Peripheral Arterial Disease
A common circulatory problem, peripheral arterial disease (sometimes called critical limb ischemia) happens when narrowed or clogged arteries reduce blood flow to the body’s limbs. PAD usually affects the legs and can cause pain while walking. It’s most often treated with diet, exercise and a reduction of tobacco.
PAD rarely shows symptoms, but if it does, pain in the legs while walking (intermittent claudication) is one of the most common signs. Due to reduced blood flow to the extremities, intermittent claudication causes muscle pain and cramps most noticeable during physical activity. Calf pain is the most common location.
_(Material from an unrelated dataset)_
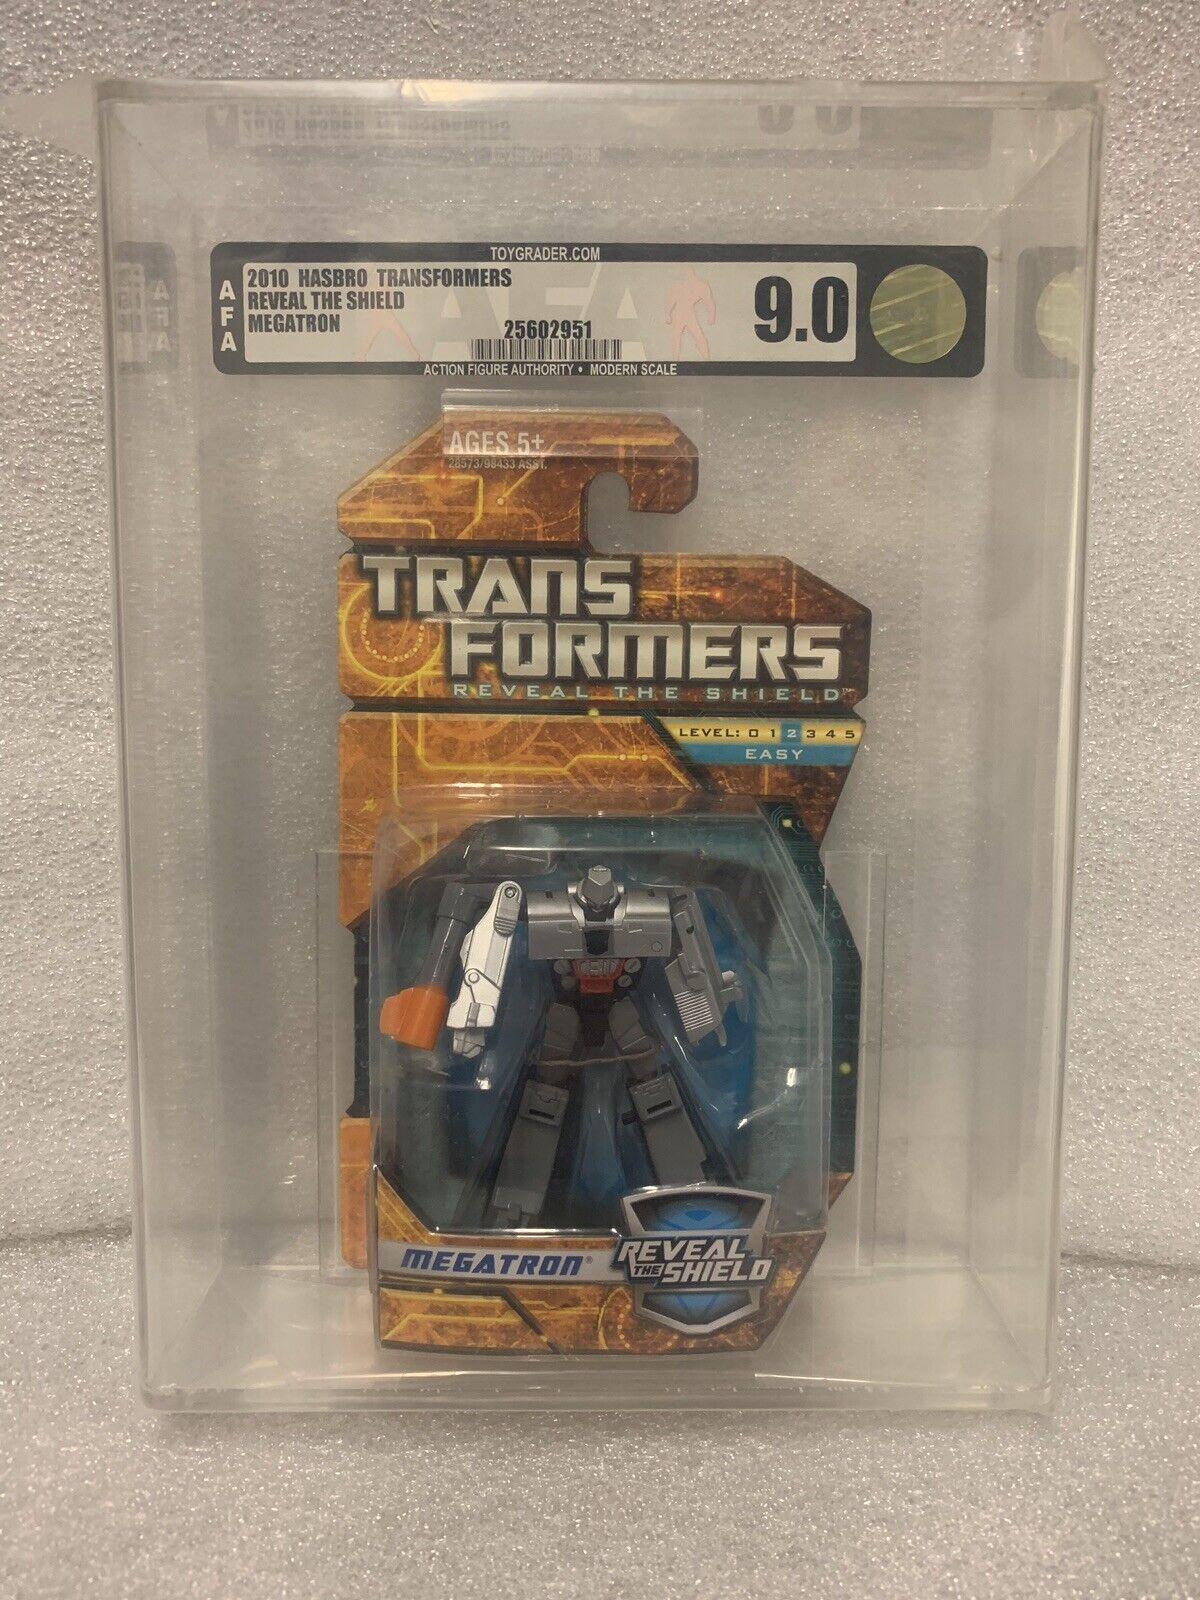 2010 Hasbro Transformers Transformers Transformers Reveal The Shield Megatron G1 AFA Graded 9.0 d91

Other symptoms associated with peripheral arterial disease include leg numbness or weakness, cold feet, sores or ulcers on your toes and feet that don’t heal, skin color changes in your legs and feet, hair loss on the feet and legs, shiny skin on your legs, and a weak pulse (or no pulse) in your feet and legs. Some men with PAD experience erectile dysfunction.
When PAD progresses, patients may experience pain even at rest or when lying down (ischemic rest pain), arterial insufficiency ulcers and gangrene. This advanced stage of peripheral arterial disease is called Critical Limb Ischemia, or limb threat.
PAD is often sign of widespread fatty deposits in your arteries (atherosclerosis), which can reduce blood flow to your limbs, heart and brain. Other causes include blood vessel inflammation, limb injury, unusual anatomy of your muscles or ligaments or radiation exposure, as well as smoking, diabetes, obesity, high cholesterol, age and high levels of homocysteine (a protein compound that builds and maintains tissue).
People who smoke or have diabetes are at the highest risk of developing peripheral arterial disease, as both reduce blood flow to the extremities. The National Heart, Lung, and Blood Institute (NHLBI) states that African Americans are also at great risk and are twice as likely to develop PAD than Caucasians.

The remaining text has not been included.